No sooner was Franklin's foot on French soil than the same eager horde assailed him. But they found a respondent very different from Deane. Franklin had experience. He knew the world and men; and now his tranquil judgment and firmness saved him and the applicants alike from further blunders. His appreciation of these fiery and priceless gallants, who so dazzled the simple-minded Deane, is shown with charming humor in his effort to say a kindly word for his unfortunate colleague. He did not wonder, he said, that Deane,—
"being then a stranger to the people, and unacquainted with the language, was at first prevailed on to make some such agreements, when all were recommended, as they always are, as officiers expérimentés, braves comme leurs épées, pleins de courage, de talent, et de zêle pour notre cause, etc., etc.; in short, mere Cæsars, each of whom would have been an invaluable acquisition to America.
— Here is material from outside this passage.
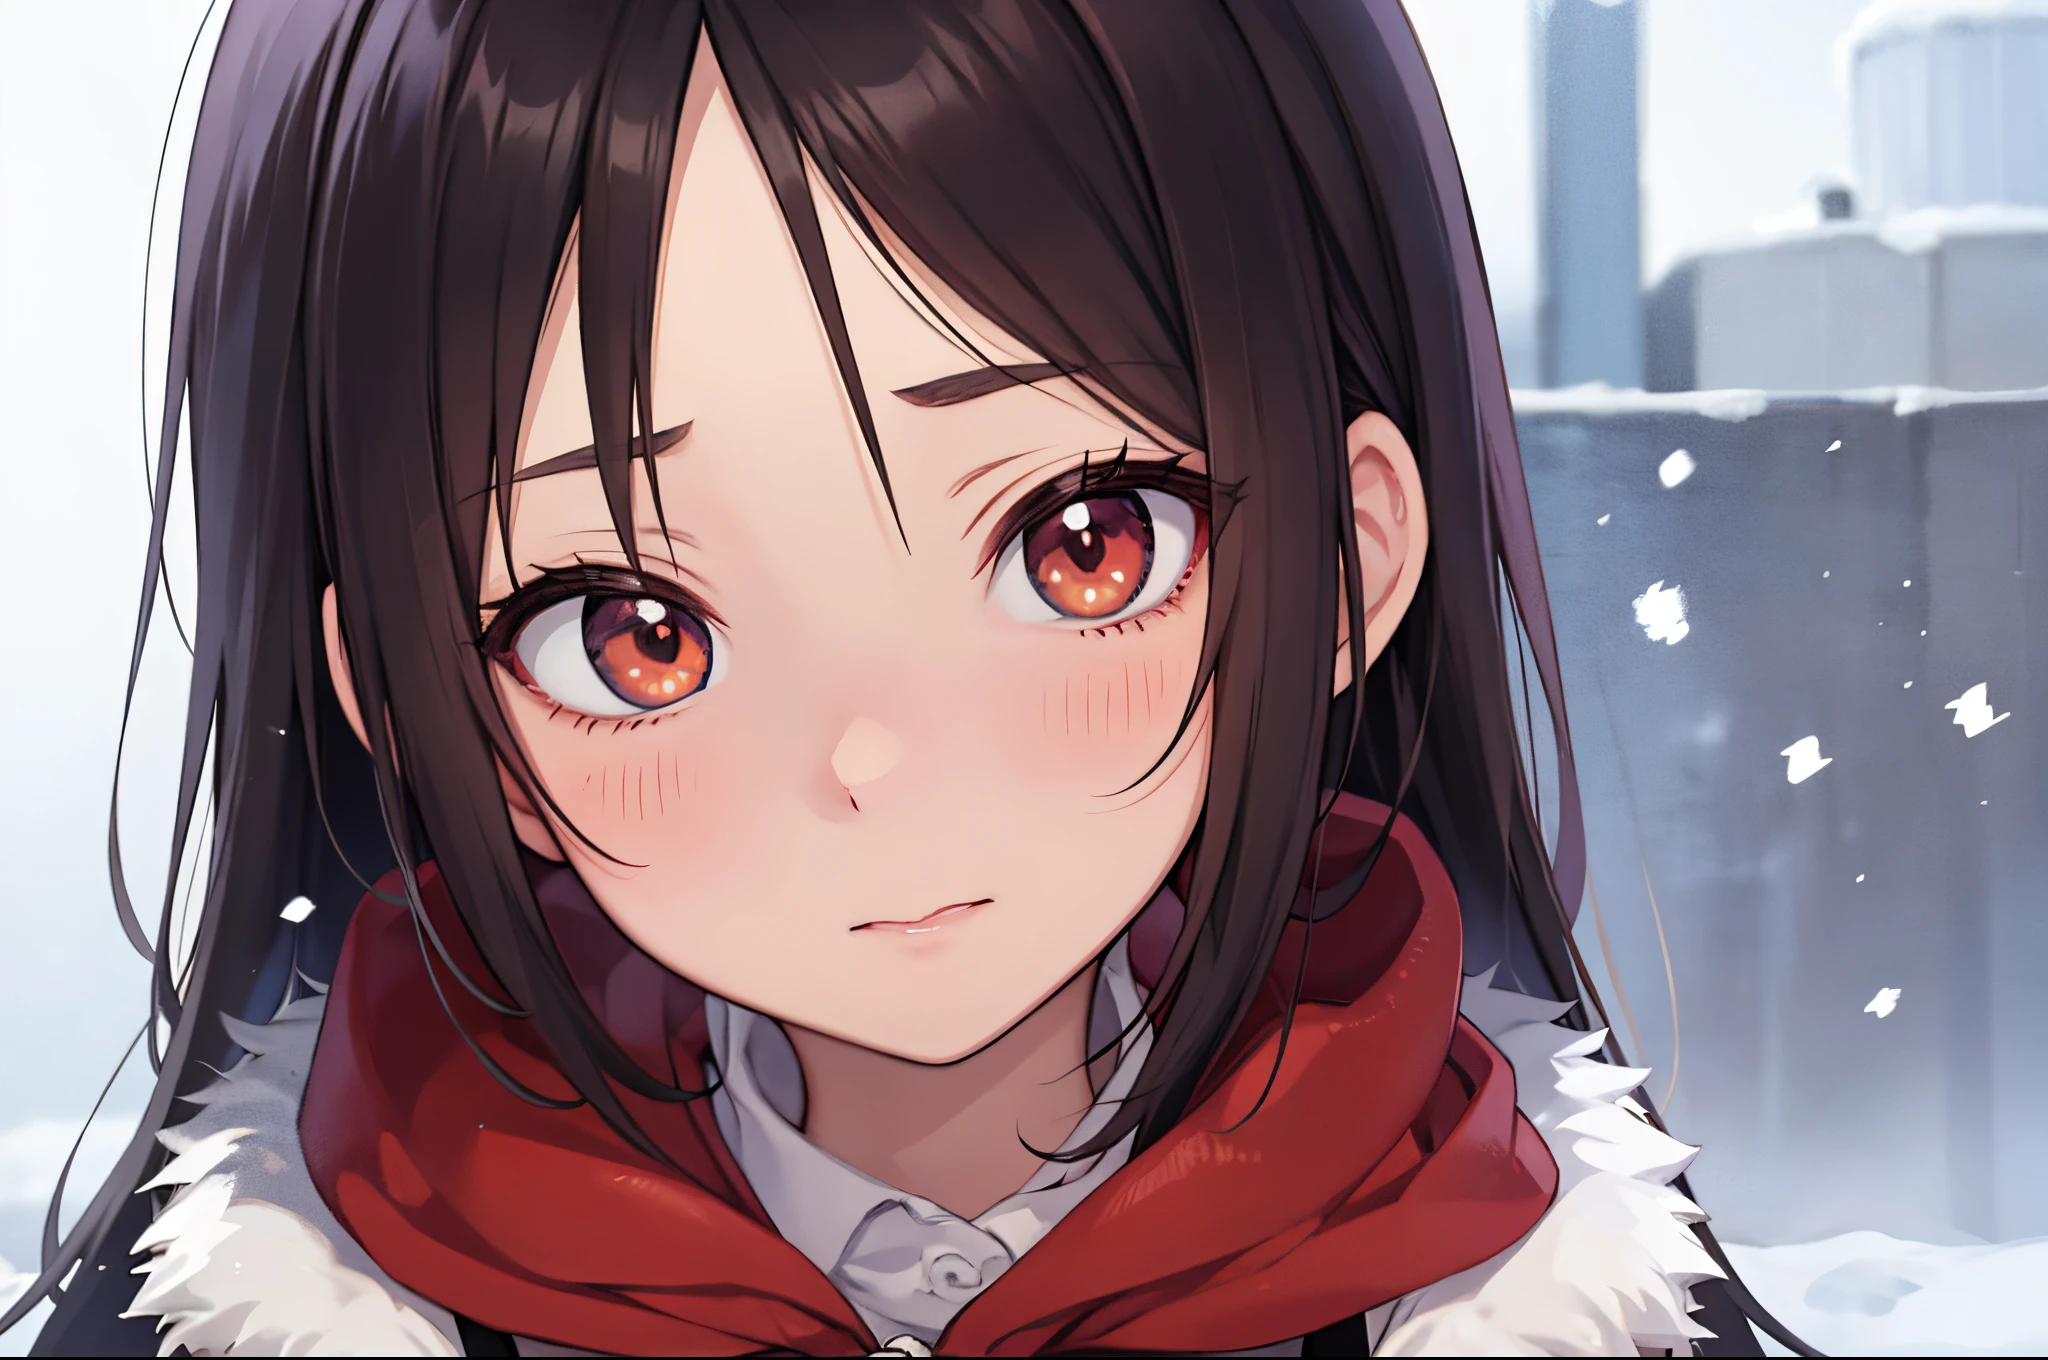 Anime-Stil, 1 Mädchen, winter, warme Kleidung, rote Wangen, rote Nase, es schneit, Hintergrund: winter、Extreme Nahaufnahme, Porträt、Gesundes Gesicht

You can have no conception how we are still besieged and worried on this head, our time cut to pieces by personal applications, besides those contained in dozens of letters by every post.... I hope therefore that favorable allowance will be made to my worthy colleague on account of his situation at the time, as he has long since corrected that mistake, and daily approves himself, to my certain knowledge, an able, faithful, active, and extremely useful servant of the public; a testimony I think it my duty of taking this occasion to make to his merit, unasked, as, considering my great age, I may probably not live to give it personally in Congress, and I perceive he has enemies."